-
Notifications
You must be signed in to change notification settings - Fork 0
ModelObjects
The viewser toolkit also includes functions for storing and retrieving model objects. This is used to support production runs, to avoid having to retrain model objects. In addition, storage and retrieval of model objects could be used to share objects with other viewsers or between different computers.
Currently, there is no validation or standardization of the model objects or metadata that are stored. Any pickle-serializeable object can be stored as a model object, and any JSON serializeable object (dictionary) can be storage as metadata. We chose flexibility over rigor to avoid shoehorning, and allow standards for model objects and metadata to develop organically.
A schema for metadata is coming, which will mandate certain values in the metadata.
There is a CLI interface that is useful for exploring and downloading currently available objects. The relevant commands are:
# Show list of names of currently available models
viewser model list
# Show metadata associated with model object
viewser model inspect $NAME
# Download model object to a pickle-file
viewser model download $NAME
For scripting, a Storage
class is made available by the views_runs
package:
from datetime import datetime
from views_runs import storage
# This can currently be any object that you want to store
my_model = ...
# Metadata is currently any JSON serializeable dictionary.
metadata = {"author": "testuser", "training_date": datetime.now()}
store = storage.Storage()
# Store a model object (type Any) and its metadata (type JsonSerializeable)
store.store("my-model", my_model, metadata)
# Fetch a model object
another_model = store.fetch("another_model")
# Show list of available models
store.list()
# Fetch metadata associated with model
assert store.fetch_metadata("my-model") == metadata
The team is currently in the process of developing a schema. To avoid early
lock-in, we have opted for an open system first, which will be restricted as we
figure out what objects and metadata we want to store, by adding validation
logic to the .store
method of the Storage
class.
These are some of the fields that have been discussed as candidates for model object metadata, and should be included in the metadata dictionary:
- level_of_analysis: A string, either "priogrid_month", "country_month", or one of the other available LOAs.
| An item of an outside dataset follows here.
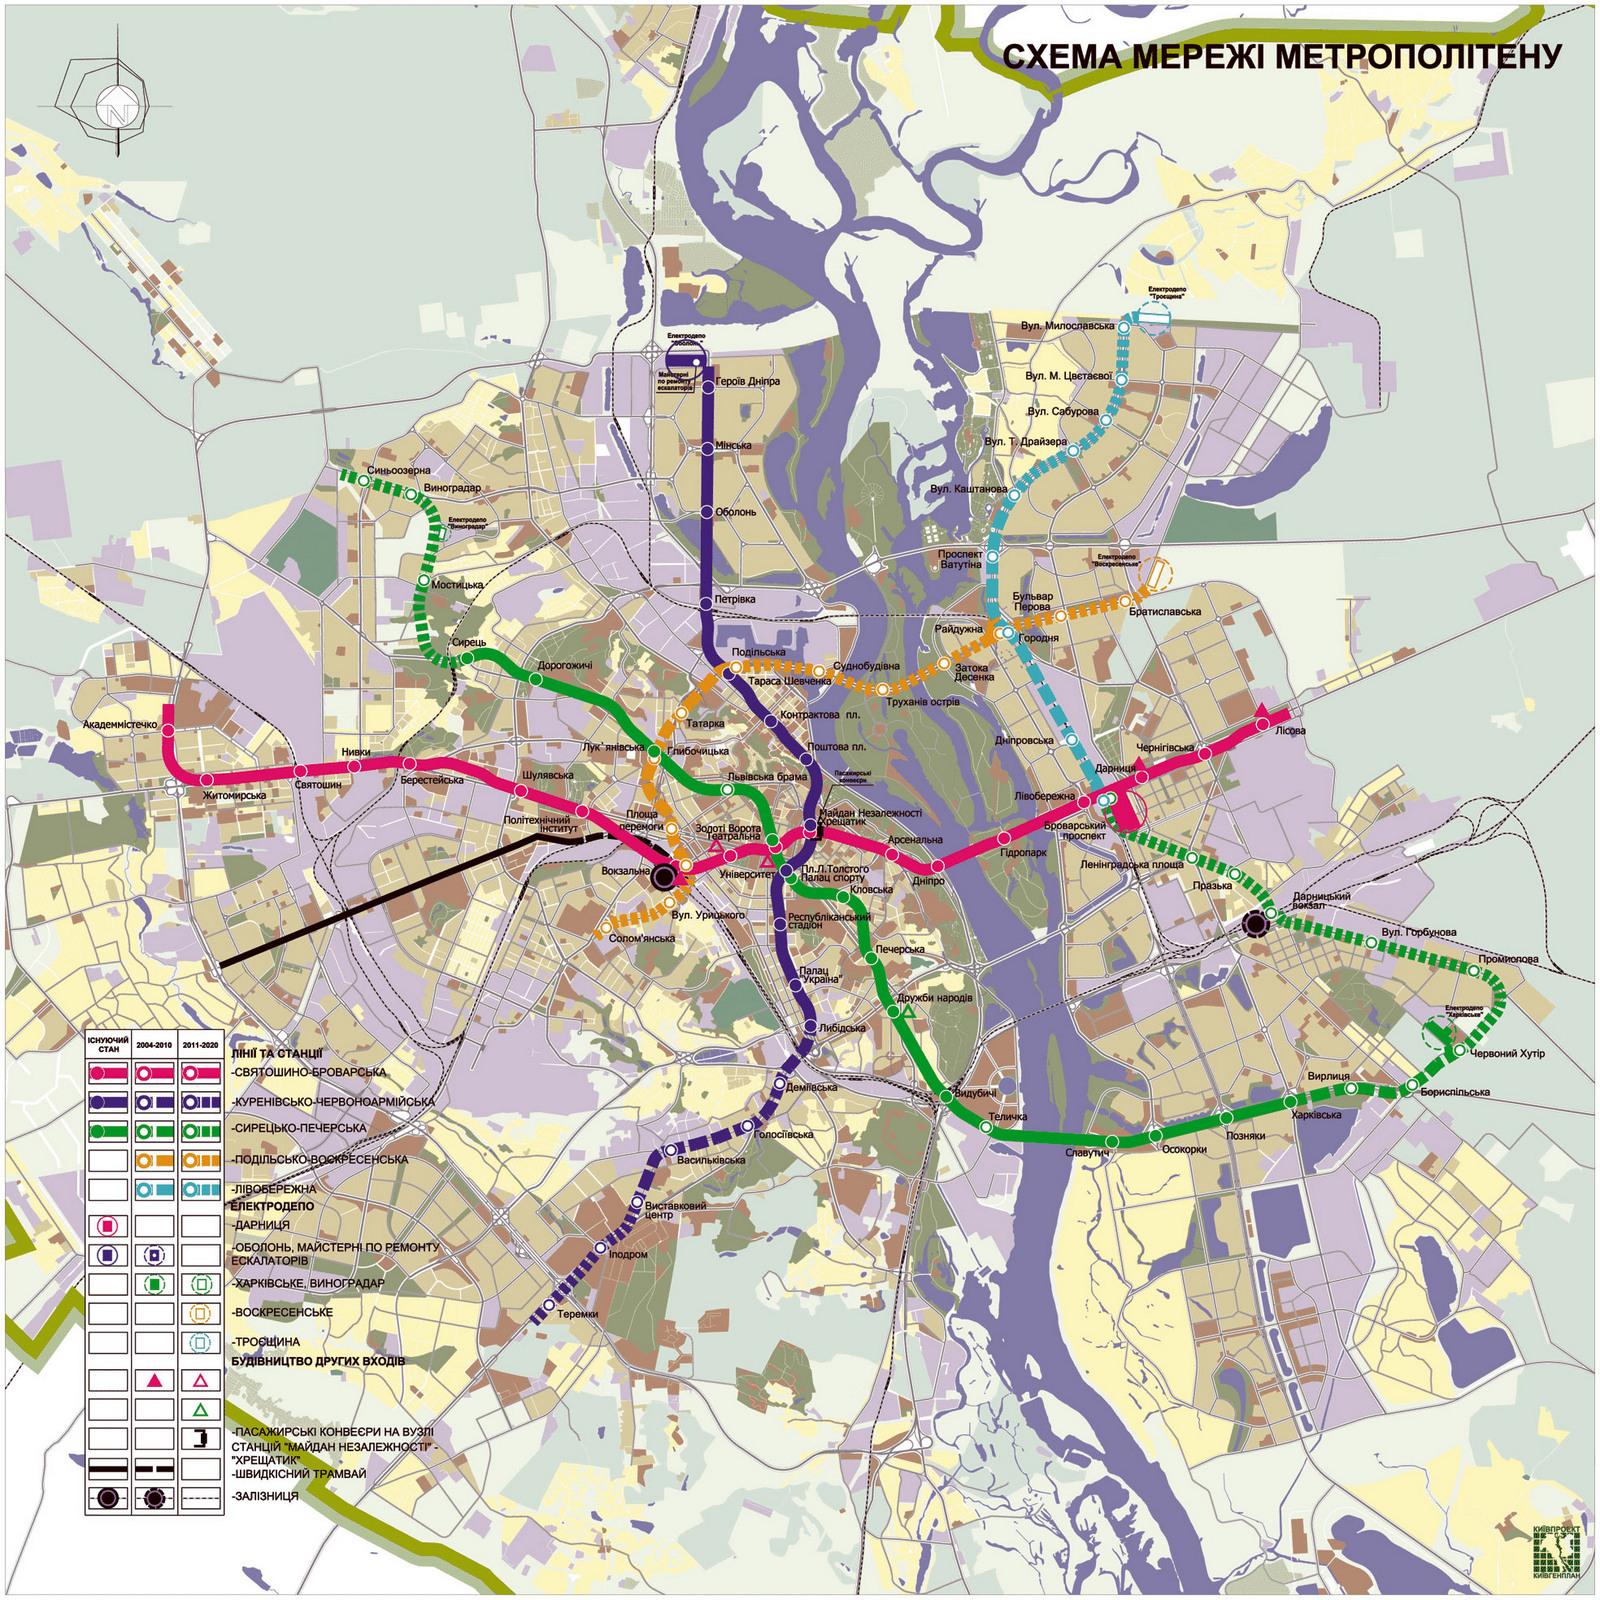 large-detailed-metro-map-of-kyiv-city-in-ukrainian.jpg

- outcome: The name of the outcome variable on which the model was trained
- queryset_name: The name of the queryset on which the model was trained
- train_start: The start month of the training period (integer, views_month)
- train_start: The end month of the training period (integer, views_month)
- training_date: The date the model was trained (datetime.datetime.now())
- author: A string identifying you as the author
- run_id: Name of the run for which the model was trained
These fields should at some point be available as query parameters to, for example, find all models associated with a run, and author, or similar queries.